I've had a set for about two months. I've also been running a pair of Cobalts all season on my XC/Trail bike. I have been totally happy with both so far. They mount as easily as any other wheel I've had. They seal up and hold air very, very well in a UST set-up without any sealant. I have yet to have any issues with spokes or nipples (no breaks or bends). The wheels have remained true and round with no maintenance. The only minor issue I had was while installing the cassette on the Opiums. The rivets on the backside of the cassette contacted the hub. Nothing a couple of thin shims couldn't take care of. The hub engagement is awesome and they sound sweet. FWIW, I am totally satisfied. For reference, I'm 150 pounds without gear.


----------



## rmb_mike (Jun 12, 2007)

Very nice wheels...awesome wheels in fact, but Crank Bros. get a big fat D- for not offering them in 135mm spacing.

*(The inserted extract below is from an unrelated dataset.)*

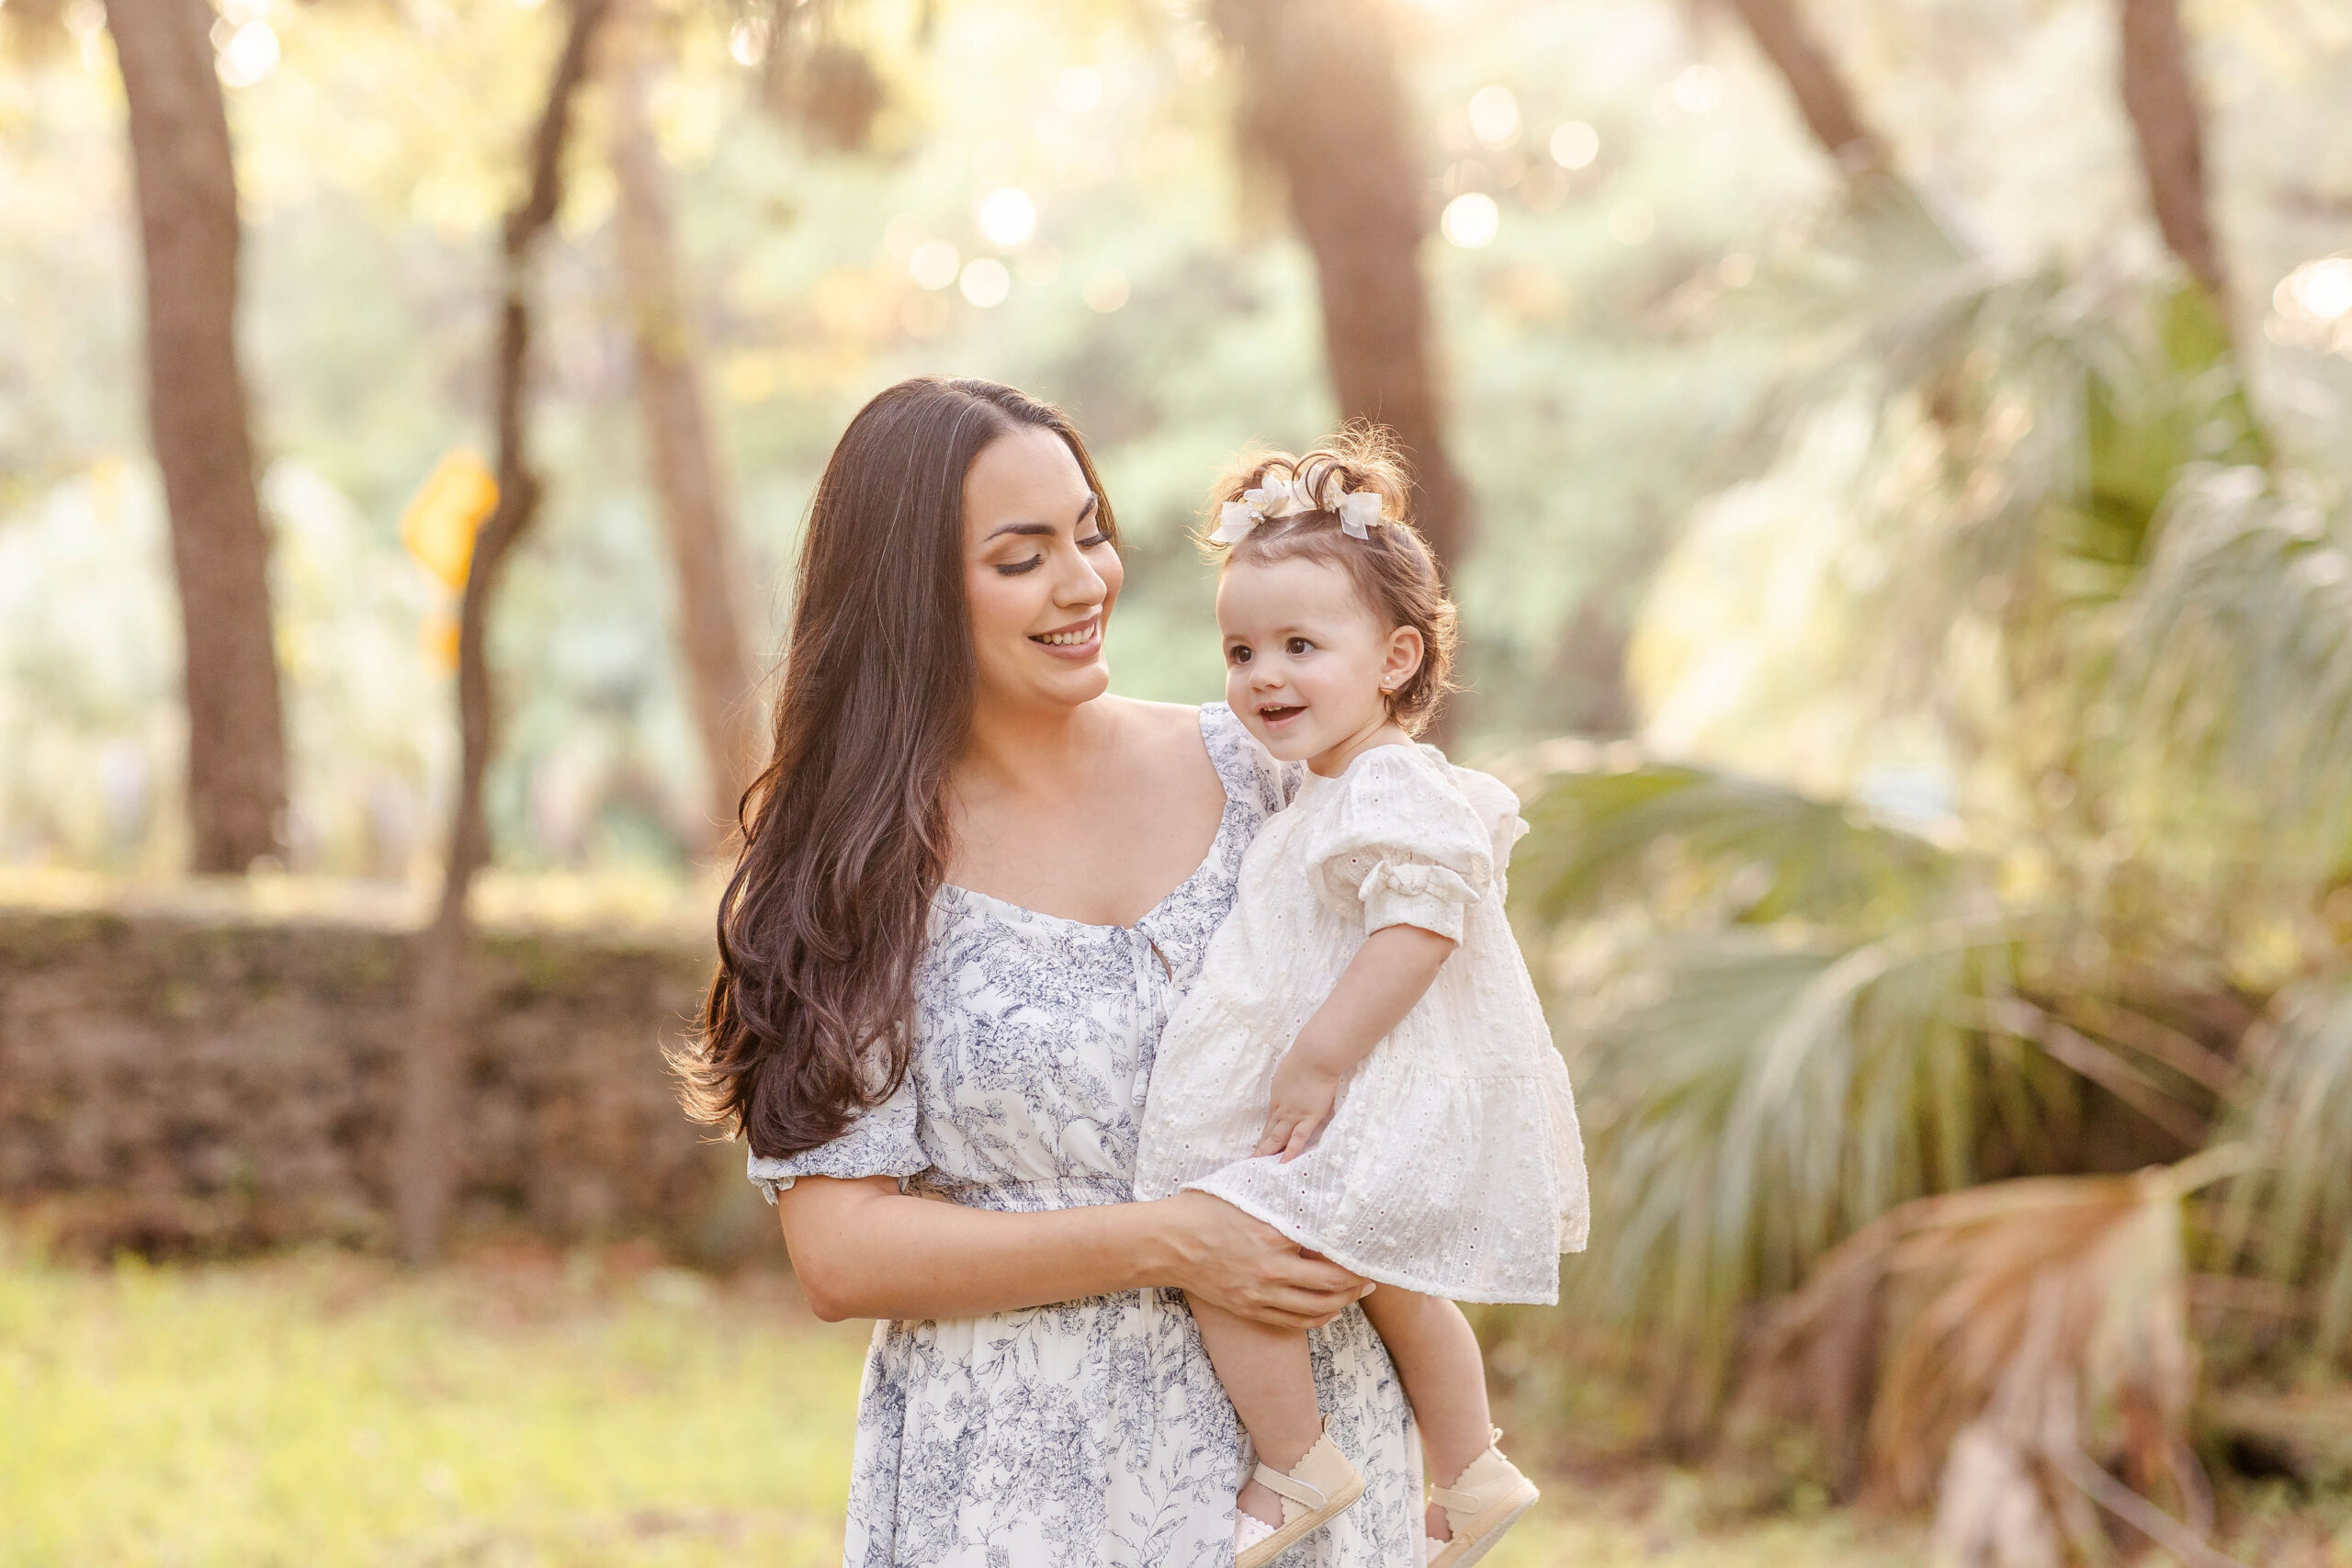 A mother in a floral print dress stands in a park at sunset holding her happy toddler daughter in a white dress

Suck it CB!!


----------



## Karve (Mar 31, 2006)

rmb_mike said:


> Very nice wheels...awesome wheels in fact, but Crank Bros. get a big fat D- for not offering them in 135mm spacing. Suck it CB!!


Ditto that


----------



## invol2ver (Jul 14, 2009)

ditto again on the 135


----------



## Blasterbates (Jun 7, 2009)

Thanks you just answered my question they only do a 150 mm and i need a 135 crap the search goe's on for red tubless DH rim any suggestions ? Thanks for your time..


----------



## cableguy46 (Feb 18, 2008)

Bryn Atkinson runs them...talked to him about them at the US Open, and he says they are running true and straight after MANY runs...and ya know that guy really "pins" it...

I have 150mm, and finally something that I can use but whew what a price...


----------



## rmb_mike (Jun 12, 2007)

cableguy46 said:


> Bryn Atkinson runs them...talked to him about them at the US Open, and he says they are running true and straight after MANY runs...and ya know that guy really "pins" it...
> 
> I have 150mm, and finally something that I can use but *whew what a price*...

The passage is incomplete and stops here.